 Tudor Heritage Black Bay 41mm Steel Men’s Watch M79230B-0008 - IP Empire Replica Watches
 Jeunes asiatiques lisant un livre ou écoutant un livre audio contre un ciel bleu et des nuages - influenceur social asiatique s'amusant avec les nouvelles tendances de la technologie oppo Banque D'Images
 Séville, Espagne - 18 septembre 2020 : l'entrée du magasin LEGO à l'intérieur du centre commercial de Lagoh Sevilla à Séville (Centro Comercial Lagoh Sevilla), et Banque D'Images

...

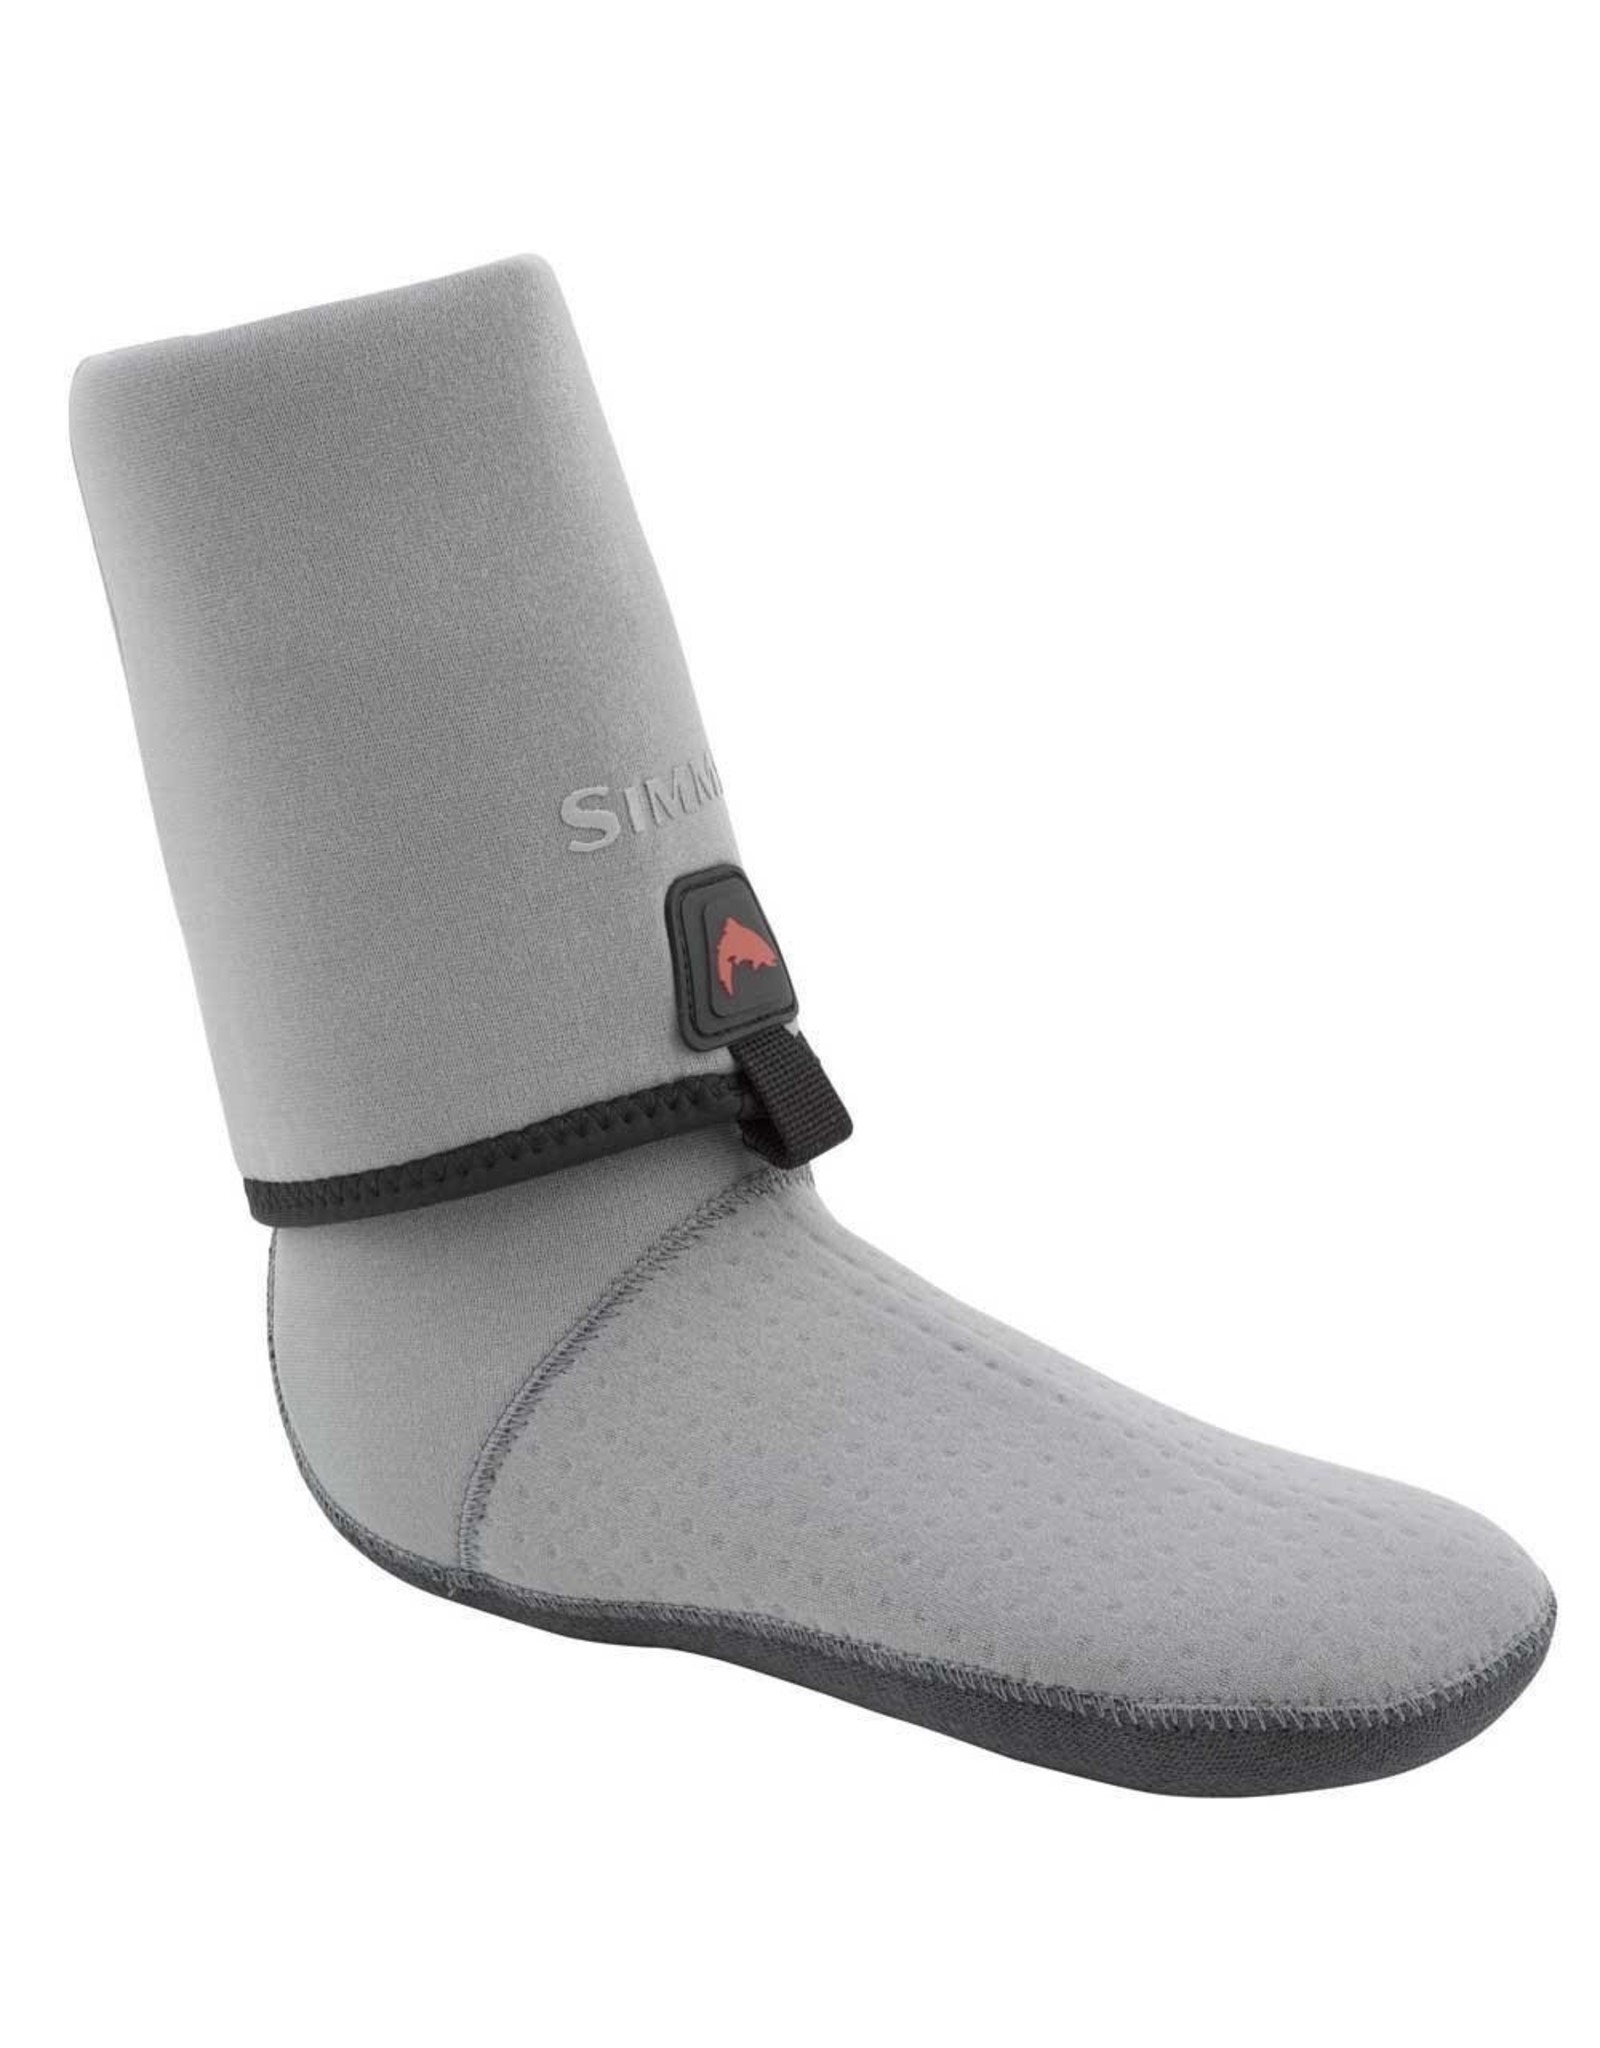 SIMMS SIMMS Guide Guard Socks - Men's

---

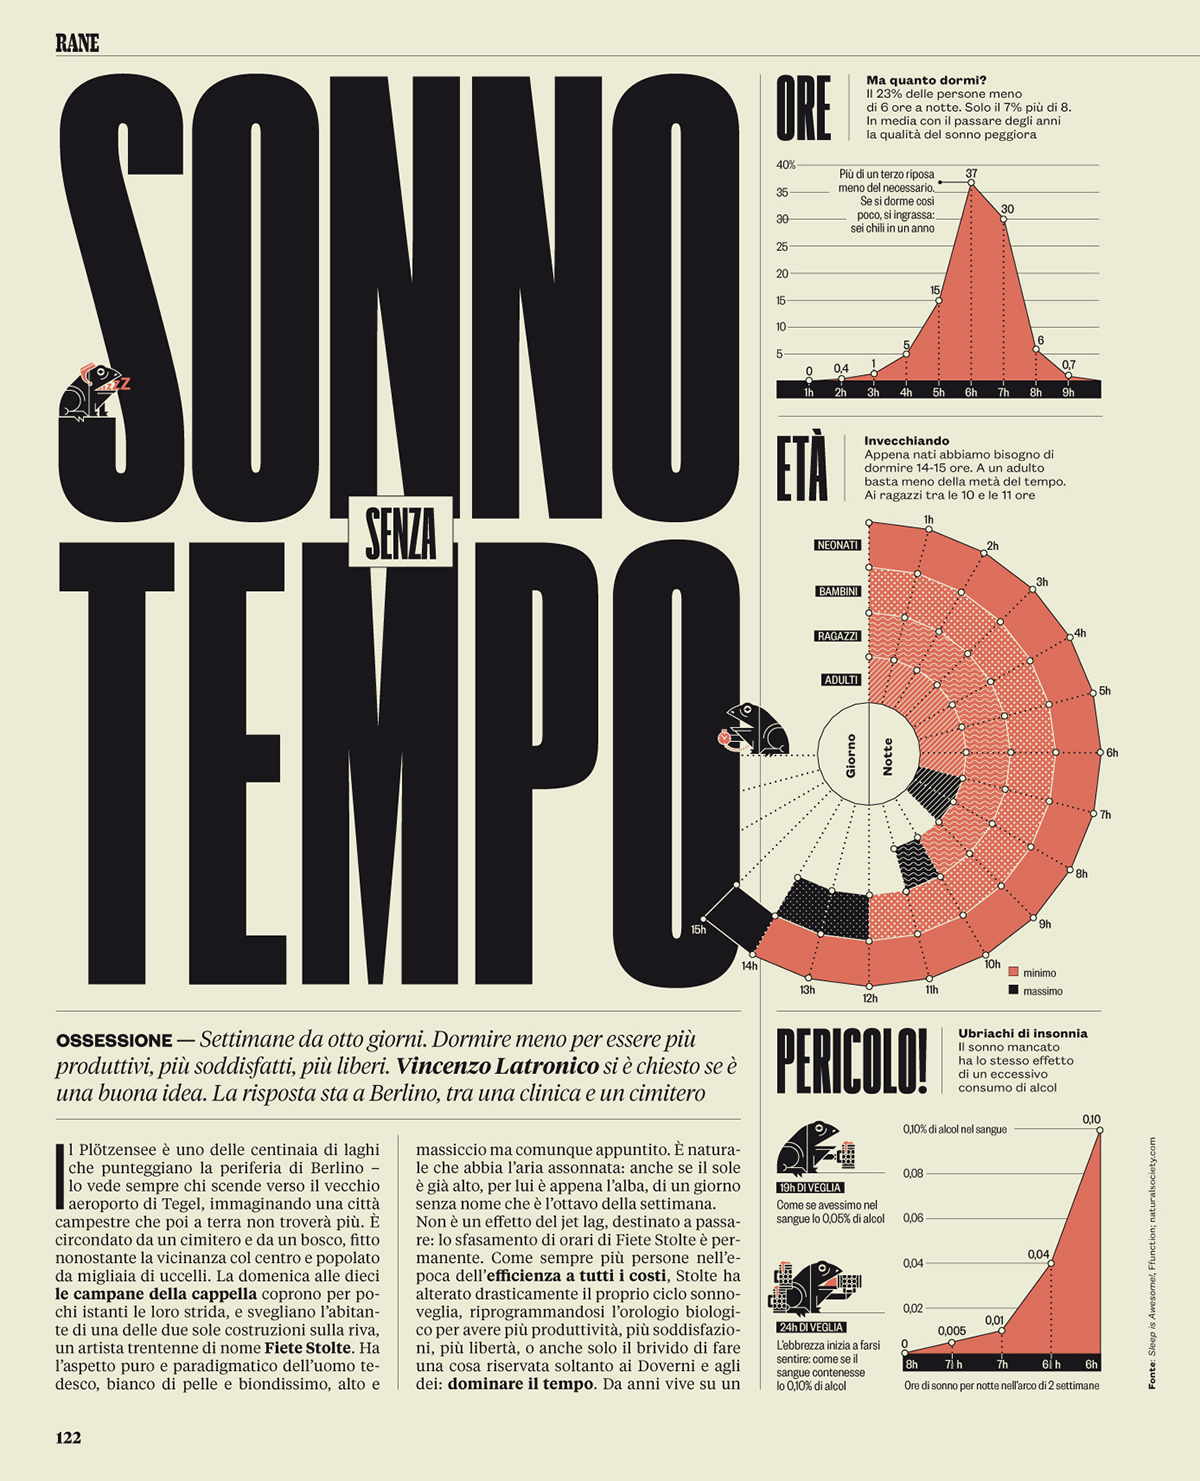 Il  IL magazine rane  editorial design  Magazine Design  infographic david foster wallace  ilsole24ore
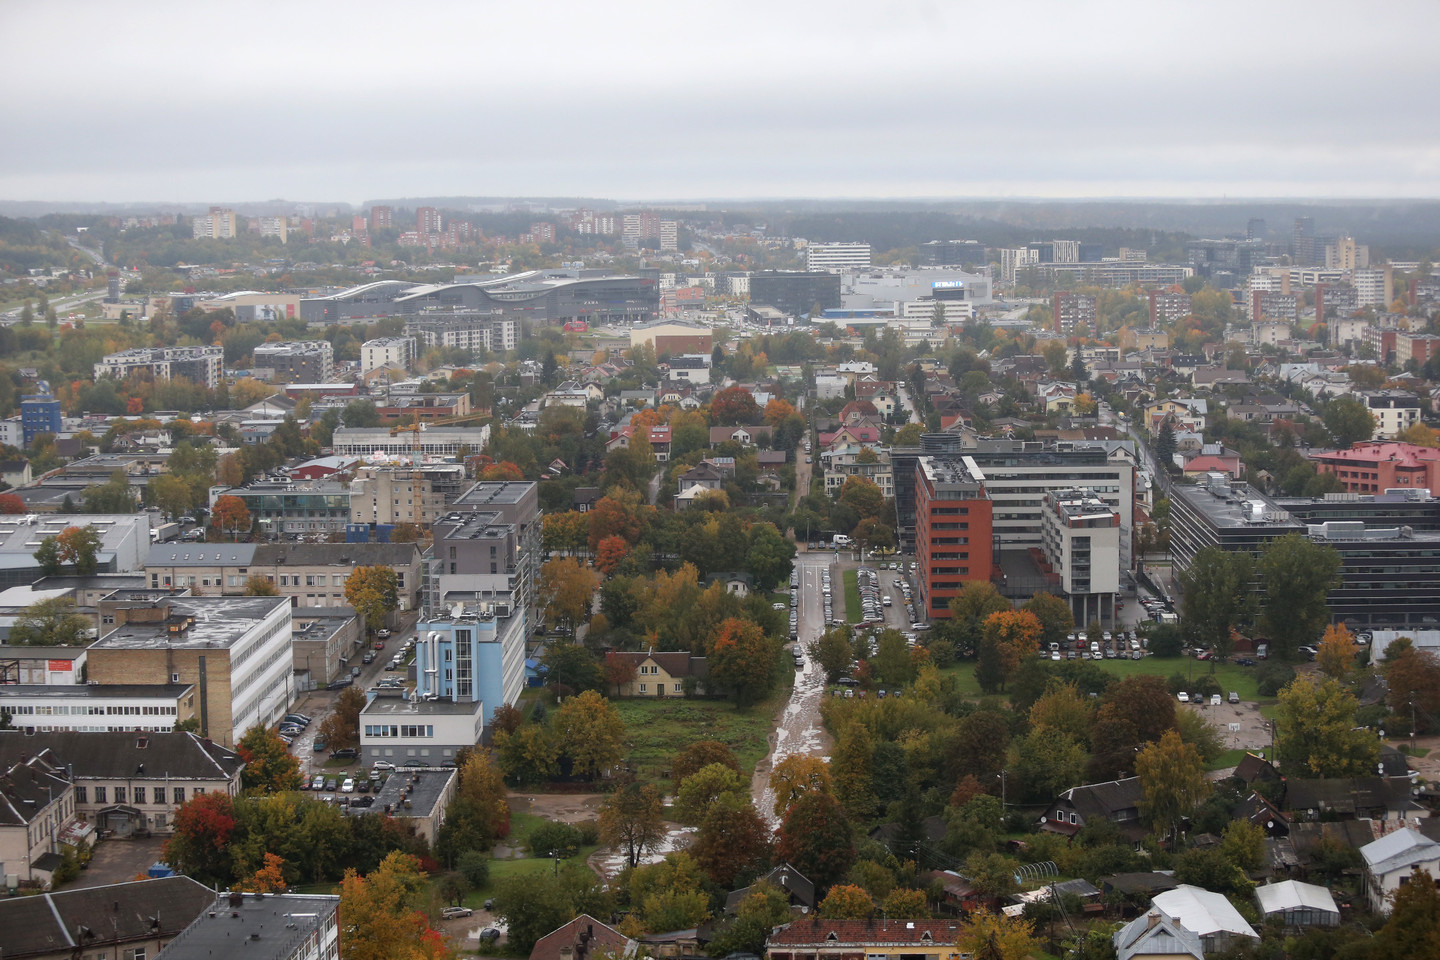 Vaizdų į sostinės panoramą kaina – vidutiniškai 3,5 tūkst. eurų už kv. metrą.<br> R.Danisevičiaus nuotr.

- About this task: Within the listing above, give again exactly every line from the line with "Tudor Heritage Black" through the line with "Séville, Espagne - 18", both included, and no other line.

- Answer to this problem:
 Tudor Heritage Black Bay 41mm Steel Men’s Watch M79230B-0008 - IP Empire Replica Watches
 Jeunes asiatiques lisant un livre ou écoutant un livre audio contre un ciel bleu et des nuages - influenceur social asiatique s'amusant avec les nouvelles tendances de la technologie oppo Banque D'Images
 Séville, Espagne - 18 septembre 2020 : l'entrée du magasin LEGO à l'intérieur du centre commercial de Lagoh Sevilla à Séville (Centro Comercial Lagoh Sevilla), et Banque D'Images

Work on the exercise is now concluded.